Despite the hugely different life experiences that Denis and I have had, I tried to keep Padre Flor´s words in mind. Perhaps what I could give---a smile, the extension of a hand, and an open heart and mind were enough. At the very least, they were a beginning , a beginning of an exchange and understanding that will hoefully grow and become an exchange and understanding on a much larger level.

Buen Pastor

A shelter for migrants who have been injured and lost limbs from traveling on the train. Also, a place others who need medical attention can come without having to pay.

After getting a formal tour of the place, and hearing the opinions held by the two men who worked there full time, we had the chance to talk with some of the men who were staying at the shelter.

One of the elderly men who was there recovering from surgery, and not because of an accident on the train. When I introduced myself, he slipped in his false teeth and began to sing. After that we had began and exchange of songs. He would sing, and then some of us would chose a song, and sing something back for him. It was that way for a number songs---a reminder of the simple joys that can sustain our minds, when our bodies fail us.

Friday, March 5, 2010

Santa Anita

Santa Anita was one of the most interesting and welcoming communities we have visited, in my opinion. The community is largely made up of ex-guerrillas of the URNG who decided, after the war, to create an autonomous community. Santa Anita survives economically by selling organic coffee and bananas on land that they work themselves. The community bought the land, although they are still trying to pay off the loan, and has built schools and a health center. All of the buildings are painted with colorful murals that they use to teach the youth the history of Guatemala, the URNG, and the importance of the land.

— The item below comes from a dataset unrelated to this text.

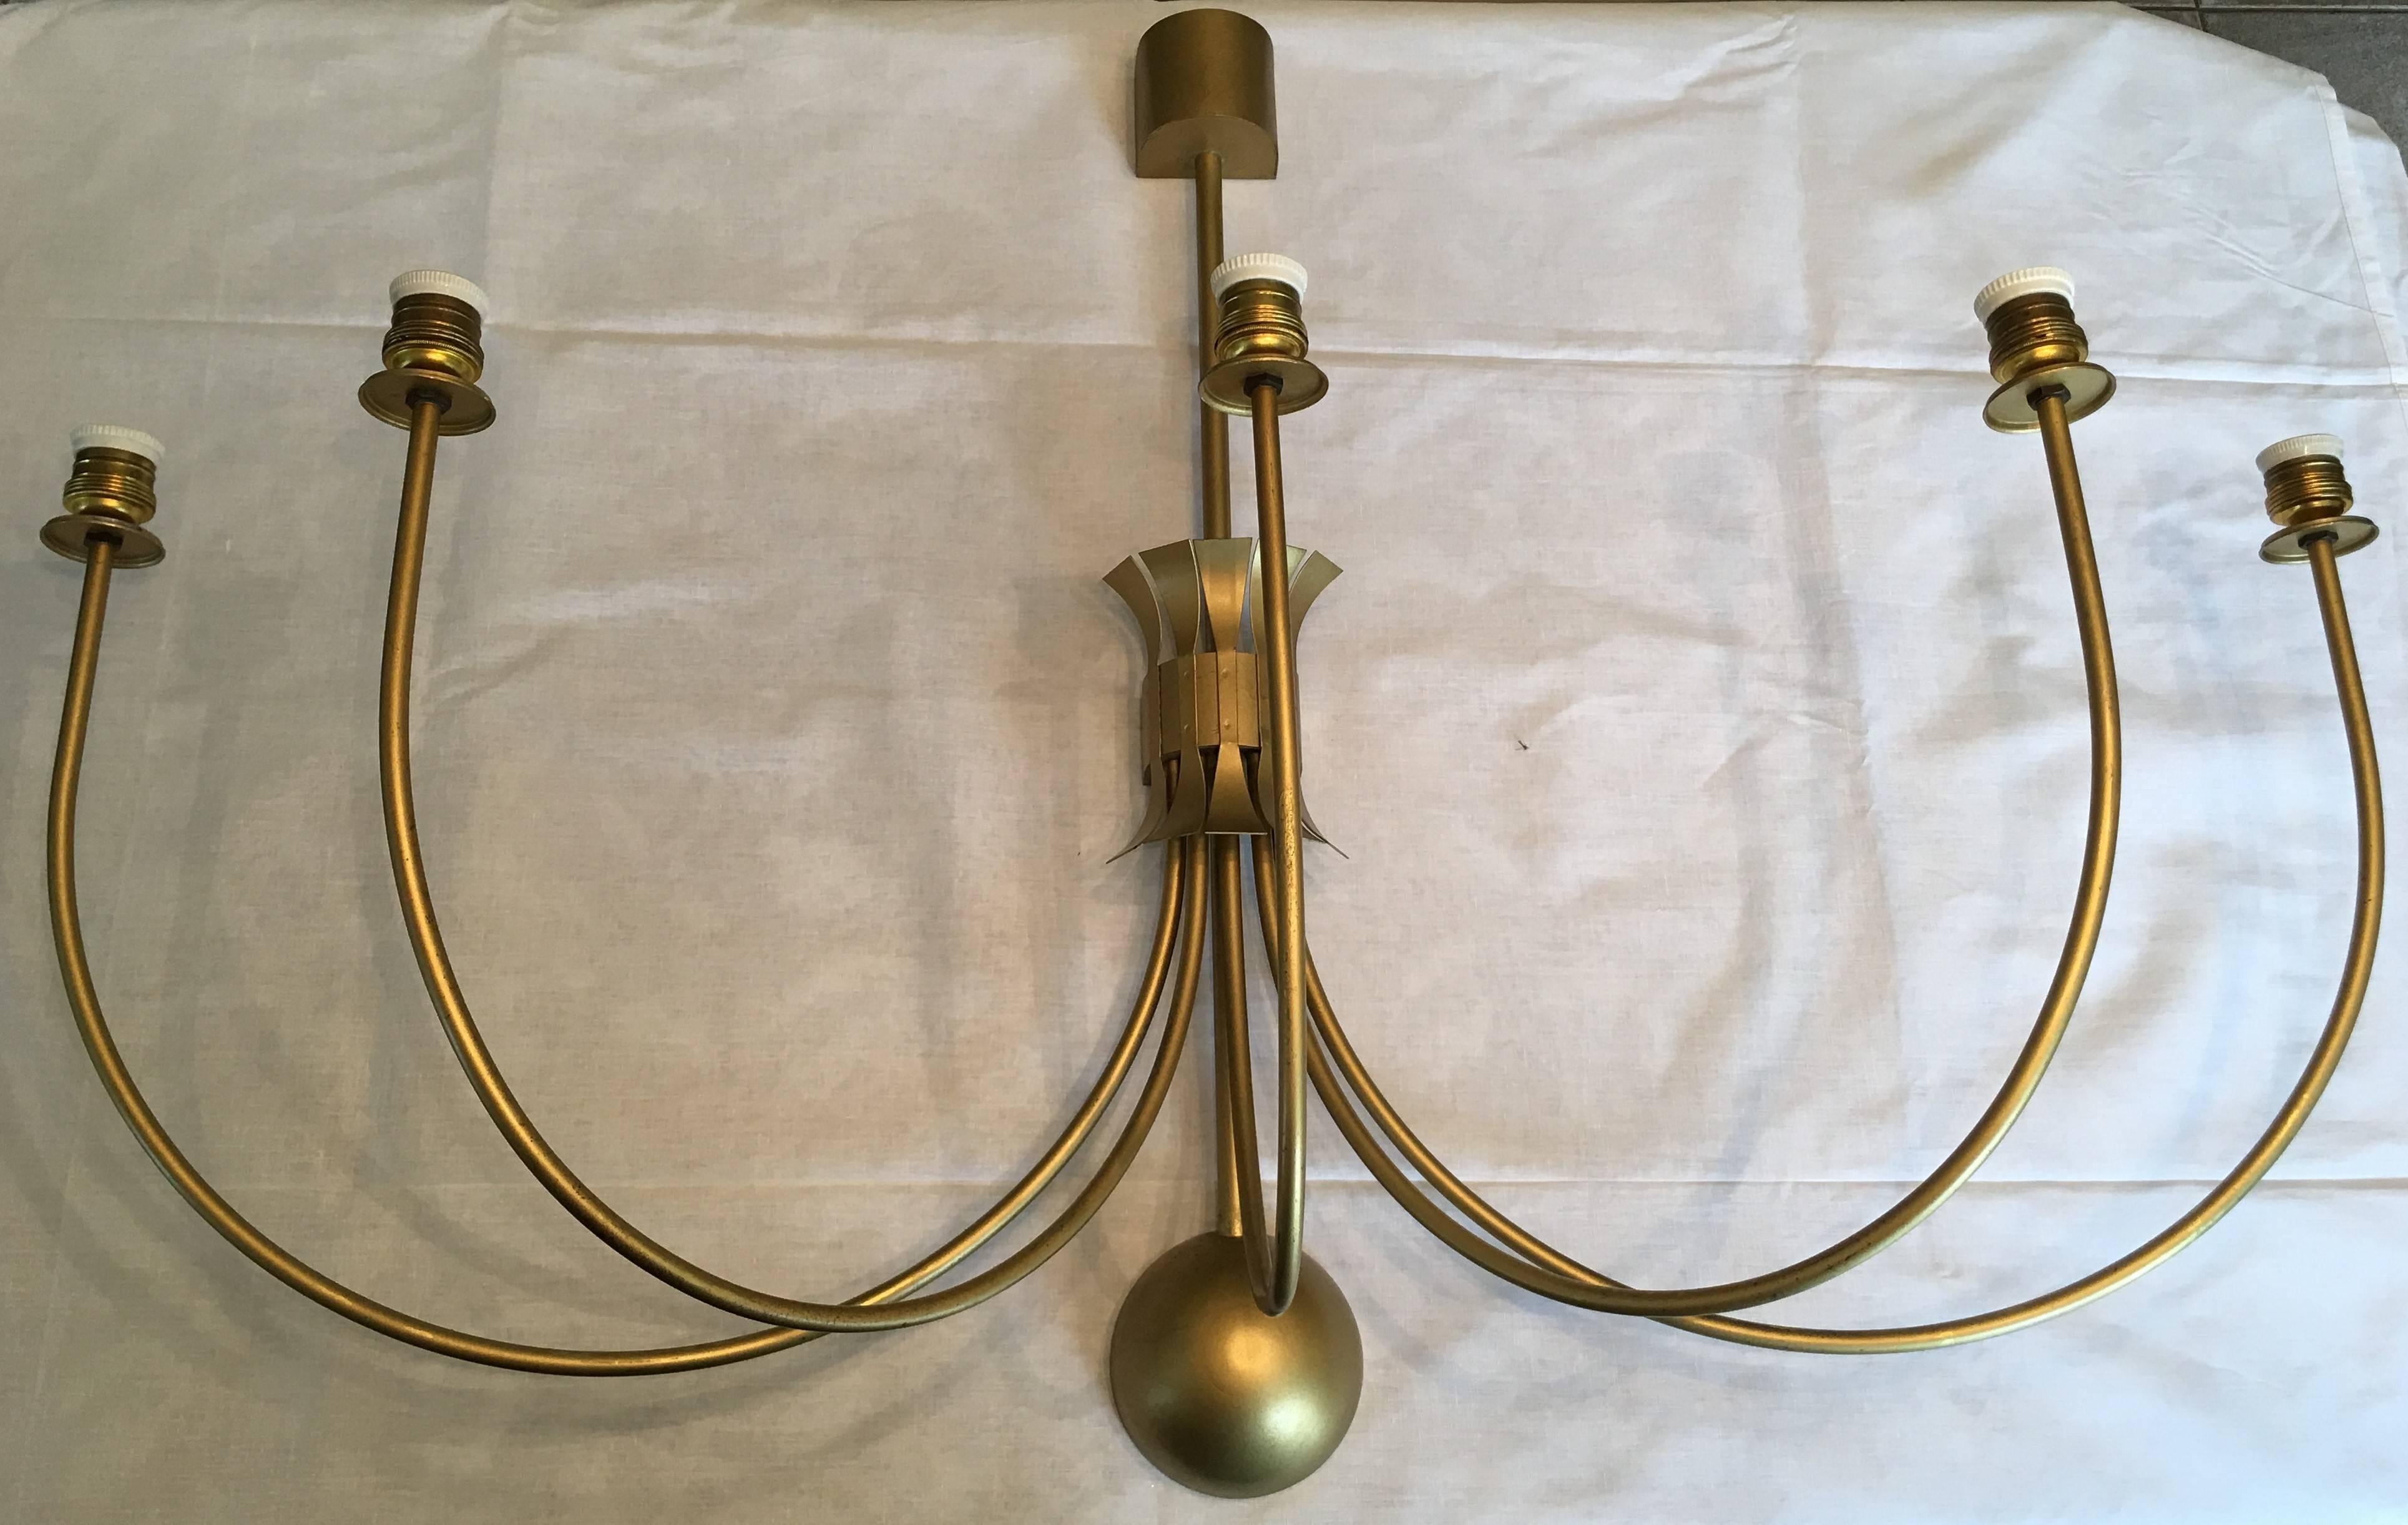 Four Monumental French Theater Sconces, Five Gilt Metal Curved Arms - 1950s For Sale 3

We walked through the coffee and banana plantation to a lovely waterfall and enjoyed relaxing and cooling off. It was so nice to see the beautiful environment and to recognize how important the land is to this community.

In the evening we had the opportunity to speak with a community member named Marconi. Marconi is an ex-guerrilla who fought in the mountains for four years. He spent another eleven years helping to organize during the 36 year war. I asked him about his experience in the mountains, to which he replied that it was very, very difficult. He said it rained constantly and they were always soaked, tired, and hungry. The most difficult part, to him, was to see a compañero fall at his side. But, he said they knew it was war and they were mentally prepared because they were fighting for something they believe so strongly in.

Throughout our talk with Marconi, what moved me most was Marconi´s demeanor. For him to have fought so hard and suffered so much and still be sitting here and speaking to us with such a a gentle and kind spirit is just amazing. He still holds hope that one day he will own his land and be free of the debt and that his children will not have to struggle like he did.